- Canada's policy shift: departure from prohibitionist stance toward recognising psychedelic therapies' potential for alleviating end-of-life distress in palliative care.
- Trajectory parallels international cautious liberalisation in the United States, Australia and parts of Europe, signalling acceptance of psychedelics within regulated clinical contexts.
- Canada's distinctive history in palliative care, MAID experience, federal flexibility and compassionate access fosters clinical integration prospects, yet provincial heterogeneity makes reform politically contingent.
Int J Drug Policy. 2026 Jul 6;155:105414. doi: 10.1016/j.drugpo.2026.105414. Online ahead of print.
ABSTRACT
Canada’s evolving attitudes toward psychedelic interventions in palliative and end-of-life care reflect a departure from historically prohibitionist policies and an emerging recognition of their therapeutic potential for individuals facing end-of-life distress. This shift parallels international regulatory developments in jurisdictions such as the United States, Australia and parts of Europe, where cautious policy liberalization has signaled growing acceptance of psychedelics within clinical contexts.

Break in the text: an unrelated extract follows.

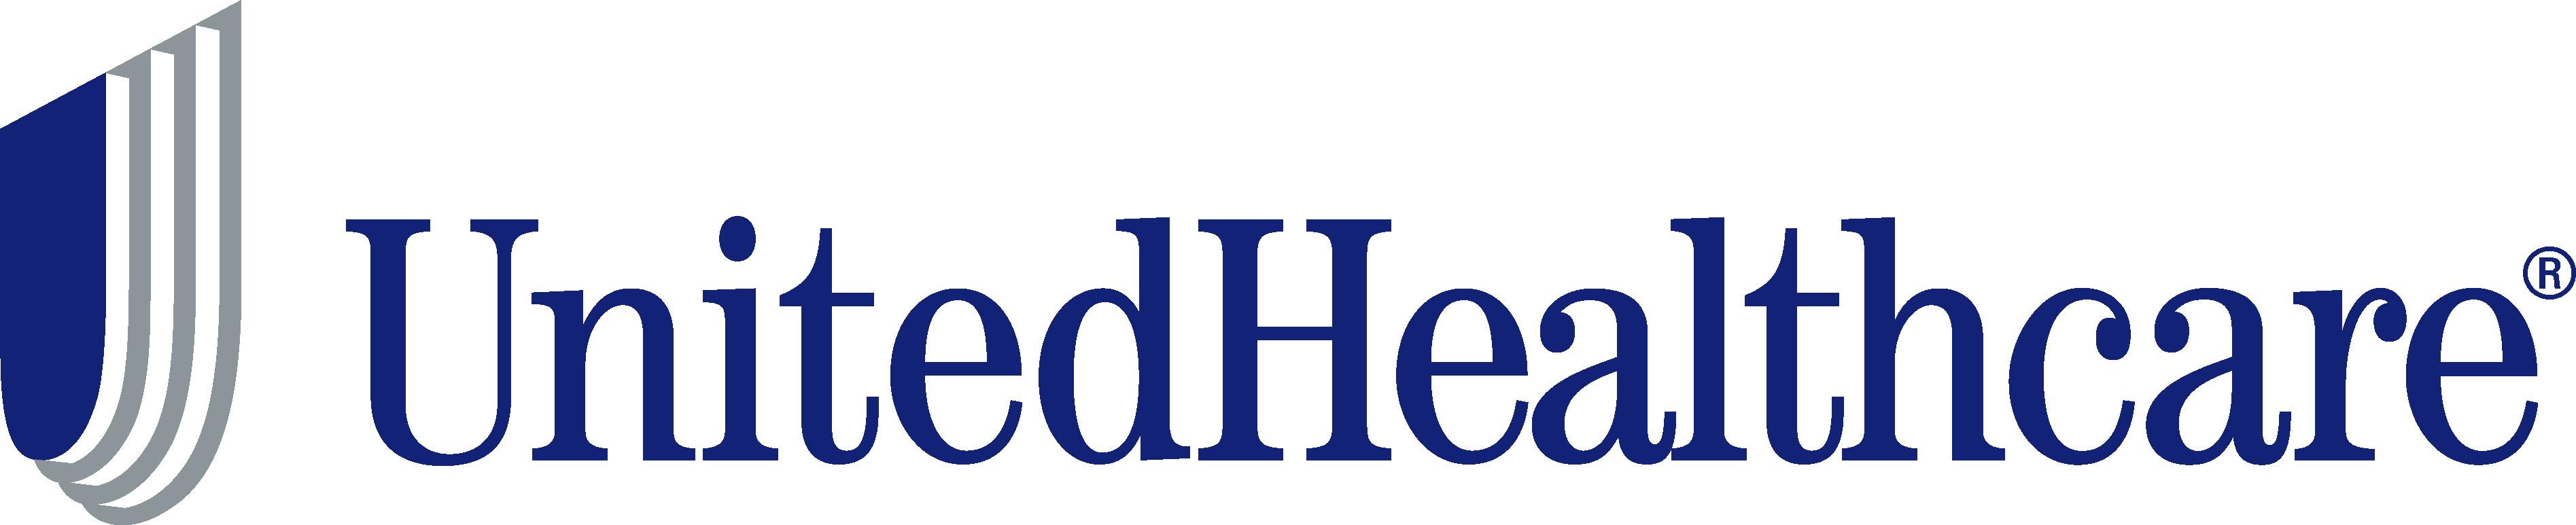 unitedhealthcare Logo
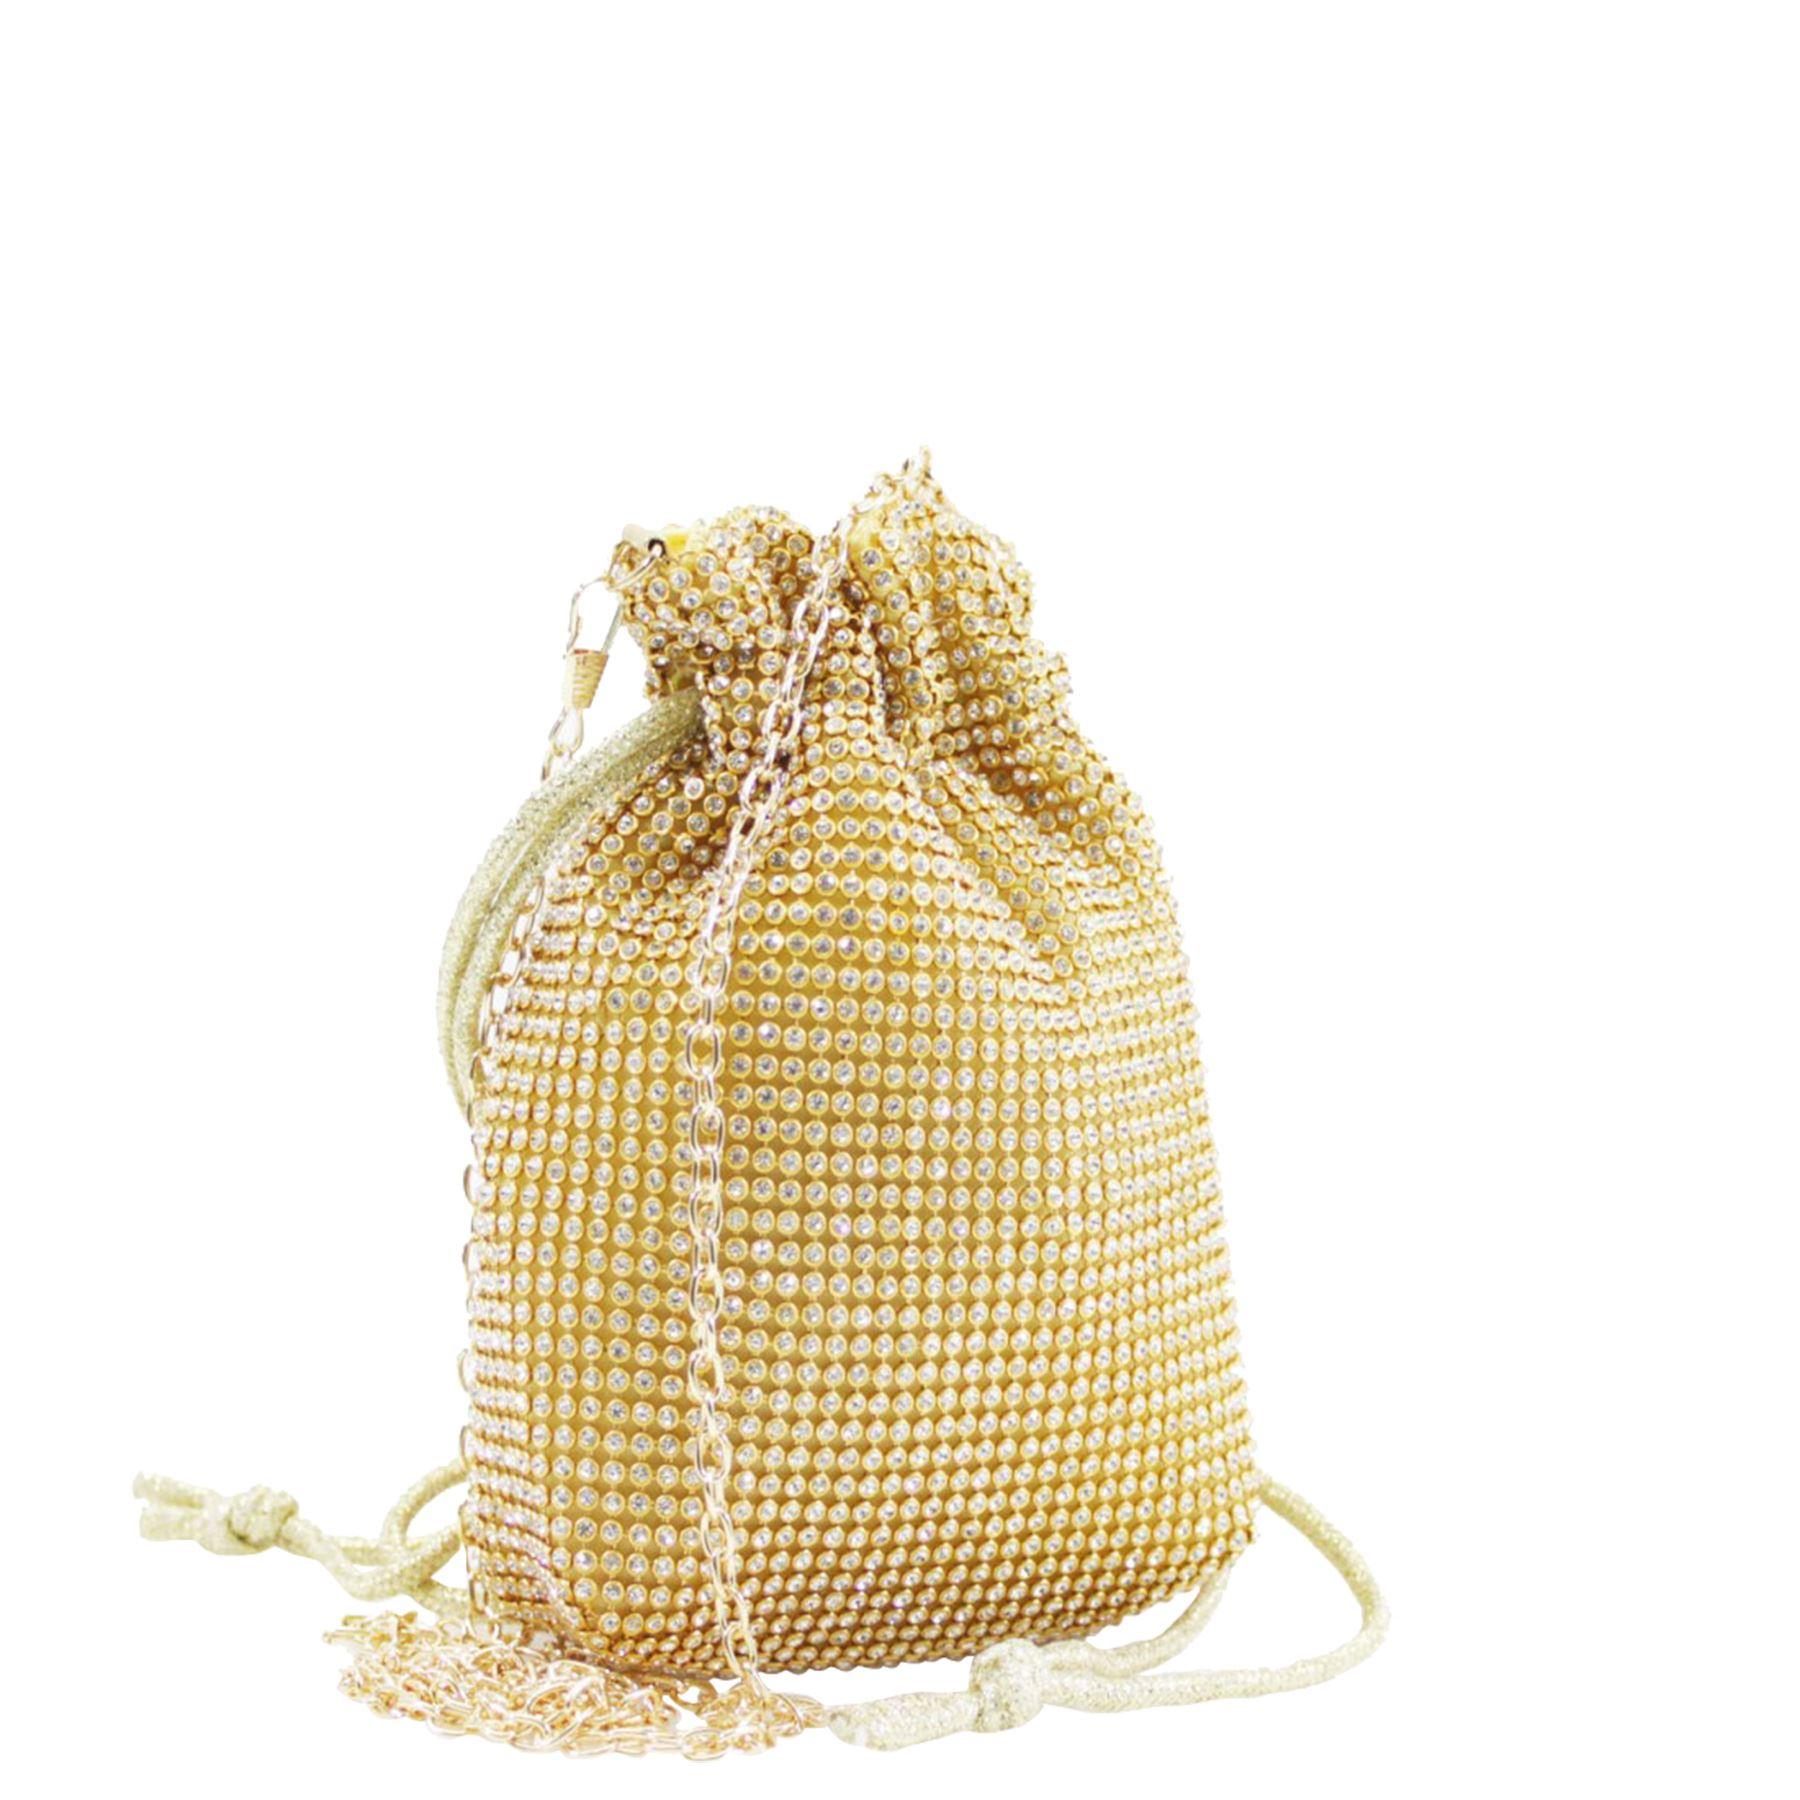 New-Ladies-Rhinestone-Diamante-Drawstring-Chain-Strap-Pouch-Bag thumbnail 4

Canada is also a relevant case because of its formative role in the development of modern palliative care, its contemporary frameworks emphasizing holistic approaches to suffering at the end of life, and its experience with medical assistance in dying, all of which have shaped national conversations about suffering, autonomy, and end-of-life care. Additionally, Canada’s distinctive historical approach to drug regulation-marked by federal flexibility, mechanisms for compassionate access, and responsiveness to patient advocacy-combined with rising public demand and incremental provincial changes, may uniquely position the country along a transitional pathway toward clinical integration of psychedelics in palliative care. At the same time, Canadian drug policy remains heterogeneous across substances and provinces, underscoring the political contingency of reform. Within this dynamic landscape, Canada’s psychedelic drug policy trajectory aligns with broader international trends toward cautious medicalization and regulated access to psychedelic therapies, while also offering an instructive case for how end-of-life frameworks and federal-provincial governance shape policy development.